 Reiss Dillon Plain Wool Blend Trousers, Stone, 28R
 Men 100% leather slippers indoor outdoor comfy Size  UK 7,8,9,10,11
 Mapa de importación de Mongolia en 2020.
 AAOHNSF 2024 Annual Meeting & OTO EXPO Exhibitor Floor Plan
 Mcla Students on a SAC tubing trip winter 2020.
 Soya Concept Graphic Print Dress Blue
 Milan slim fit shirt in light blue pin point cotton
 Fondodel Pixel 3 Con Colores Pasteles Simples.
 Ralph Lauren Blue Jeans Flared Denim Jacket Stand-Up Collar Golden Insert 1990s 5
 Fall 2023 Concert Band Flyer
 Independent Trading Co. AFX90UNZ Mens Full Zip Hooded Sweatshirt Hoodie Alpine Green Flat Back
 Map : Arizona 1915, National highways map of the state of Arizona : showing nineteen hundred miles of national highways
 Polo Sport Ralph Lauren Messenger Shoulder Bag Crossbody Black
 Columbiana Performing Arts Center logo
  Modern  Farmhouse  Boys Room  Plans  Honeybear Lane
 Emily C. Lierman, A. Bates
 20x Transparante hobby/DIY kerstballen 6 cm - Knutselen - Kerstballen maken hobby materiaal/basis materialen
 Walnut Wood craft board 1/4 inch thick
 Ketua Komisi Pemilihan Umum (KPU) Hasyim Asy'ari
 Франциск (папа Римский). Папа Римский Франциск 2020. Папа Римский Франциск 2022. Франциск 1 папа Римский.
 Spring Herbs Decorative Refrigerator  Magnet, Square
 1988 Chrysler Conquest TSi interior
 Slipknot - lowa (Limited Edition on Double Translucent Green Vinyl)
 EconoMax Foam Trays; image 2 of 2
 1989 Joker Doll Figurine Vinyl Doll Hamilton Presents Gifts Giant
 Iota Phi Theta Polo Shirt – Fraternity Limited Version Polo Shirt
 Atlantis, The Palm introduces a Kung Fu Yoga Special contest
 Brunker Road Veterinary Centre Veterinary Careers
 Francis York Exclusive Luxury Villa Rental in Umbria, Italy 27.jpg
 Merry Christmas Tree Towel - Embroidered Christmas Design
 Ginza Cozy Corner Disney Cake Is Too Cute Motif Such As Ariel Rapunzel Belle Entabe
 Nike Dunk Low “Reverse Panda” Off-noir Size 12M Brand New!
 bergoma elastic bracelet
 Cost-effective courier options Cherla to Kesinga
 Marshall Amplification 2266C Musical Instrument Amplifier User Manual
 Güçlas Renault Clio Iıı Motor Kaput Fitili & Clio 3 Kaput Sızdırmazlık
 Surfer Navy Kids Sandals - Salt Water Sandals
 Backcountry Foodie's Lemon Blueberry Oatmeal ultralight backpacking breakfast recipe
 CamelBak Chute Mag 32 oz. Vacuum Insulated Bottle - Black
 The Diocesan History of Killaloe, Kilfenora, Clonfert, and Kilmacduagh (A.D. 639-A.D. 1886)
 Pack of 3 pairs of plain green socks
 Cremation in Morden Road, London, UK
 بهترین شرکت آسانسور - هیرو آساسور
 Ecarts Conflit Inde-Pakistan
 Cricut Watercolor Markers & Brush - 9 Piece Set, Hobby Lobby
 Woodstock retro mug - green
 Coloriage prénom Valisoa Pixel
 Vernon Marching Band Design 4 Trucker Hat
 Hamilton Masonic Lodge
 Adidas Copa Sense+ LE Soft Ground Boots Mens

--------------------

> **Exercise requirements**
Up to and including the line that contains "Map : Arizona", restate word for word every line of the entries, starting from the first.

> **Output**
 Reiss Dillon Plain Wool Blend Trousers, Stone, 28R
 Men 100% leather slippers indoor outdoor comfy Size  UK 7,8,9,10,11
 Mapa de importación de Mongolia en 2020.
 AAOHNSF 2024 Annual Meeting & OTO EXPO Exhibitor Floor Plan
 Mcla Students on a SAC tubing trip winter 2020.
 Soya Concept Graphic Print Dress Blue
 Milan slim fit shirt in light blue pin point cotton
 Fondodel Pixel 3 Con Colores Pasteles Simples.
 Ralph Lauren Blue Jeans Flared Denim Jacket Stand-Up Collar Golden Insert 1990s 5
 Fall 2023 Concert Band Flyer
 Independent Trading Co. AFX90UNZ Mens Full Zip Hooded Sweatshirt Hoodie Alpine Green Flat Back
 Map : Arizona 1915, National highways map of the state of Arizona : showing nineteen hundred miles of national highways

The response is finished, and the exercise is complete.